What Metadata Lives Inside CAD Files
Every DWG or DXF file carries two layers of information: the geometry people draw and the metadata that describes the drawing itself. That metadata is spread across the file header, drawing properties, and structural elements like layers and blocks. Knowing where to find it is the first step toward extracting it programmatically.
DWG is AutoCAD's native binary format, used by over 5 million AutoCAD users worldwide. DXF (Drawing Exchange Format) is its text-based sibling, designed for interoperability between CAD applications. Both formats store the same core metadata, but DXF exposes it as human-readable ASCII in its HEADER section, while DWG buries it in a proprietary binary structure that requires specialized parsers.
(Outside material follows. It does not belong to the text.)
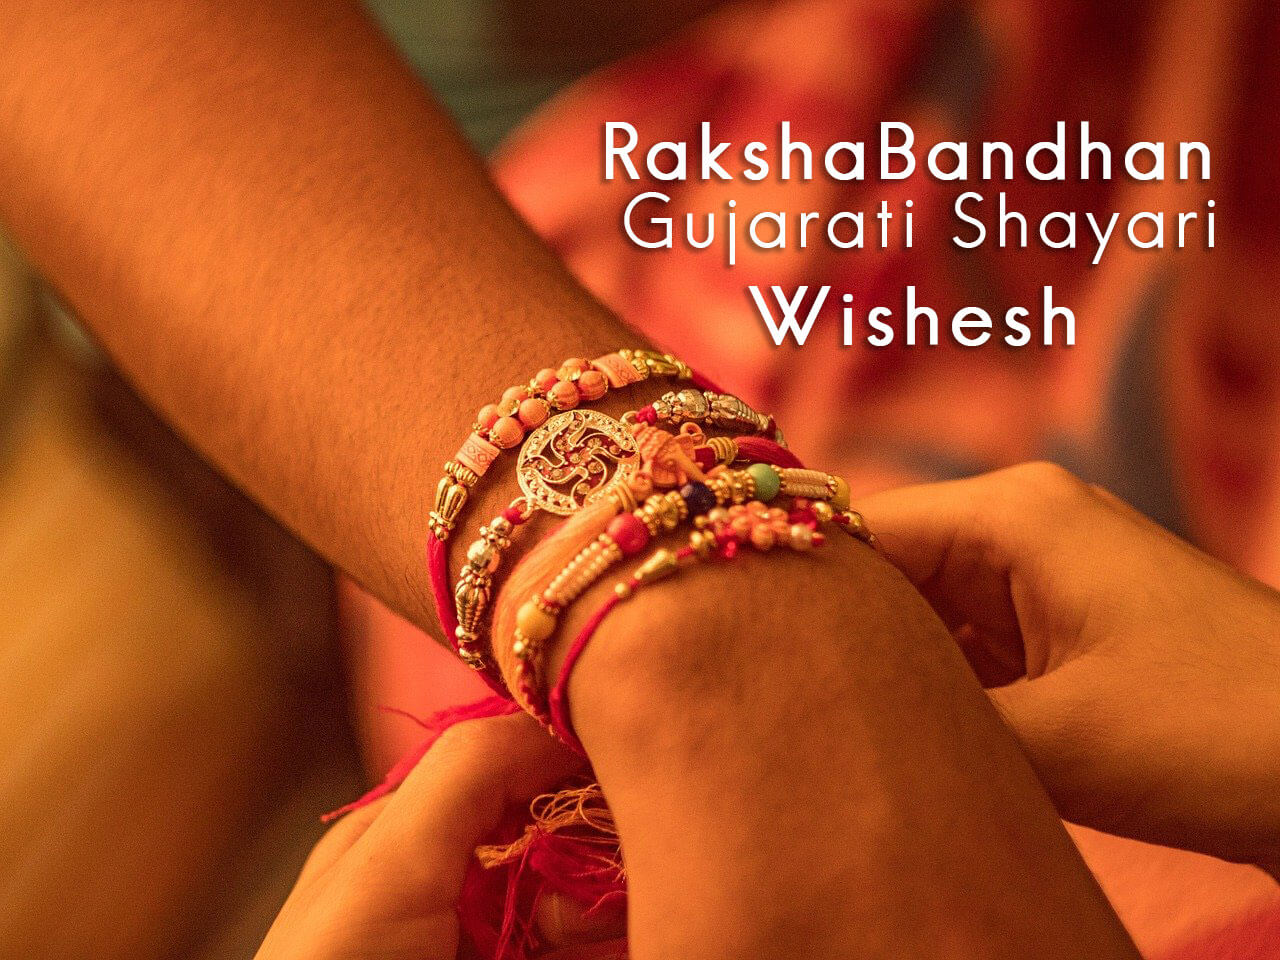 રક્ષાબંધન ગુજરાતી શાયરી - Raksha bandhan Gujarati Shayari

Here is what you can expect to find in a typical CAD file's metadata:
- Drawing properties: Author, title, subject, keywords, comments, and revision number. These are set manually in AutoCAD's Drawing Properties dialog or through scripting.
- Timestamps: Creation date (
$TDCREATE) and last modification date ($TDUPDATE), stored as Julian day fractions. - Version identifier: The
$ACADVERvariable tells you which AutoCAD version created the file. AC1032 means AutoCAD 2018 or later. - Units and scale:
$INSUNITSdefines the drawing units (millimeters, inches, meters), while$MEASUREMENTdistinguishes between Imperial and Metric defaults. - Coordinate system: The current UCS (User Coordinate System) origin, X-axis, and Y-axis define how geometry is oriented in space.
- Last saved by: The
$LASTSAVEDBYvariable records the username of the person who last modified the file. - Code page:
$DWGCODEPAGEspecifies the character encoding, which matters when filenames or text entities use non-ASCII characters.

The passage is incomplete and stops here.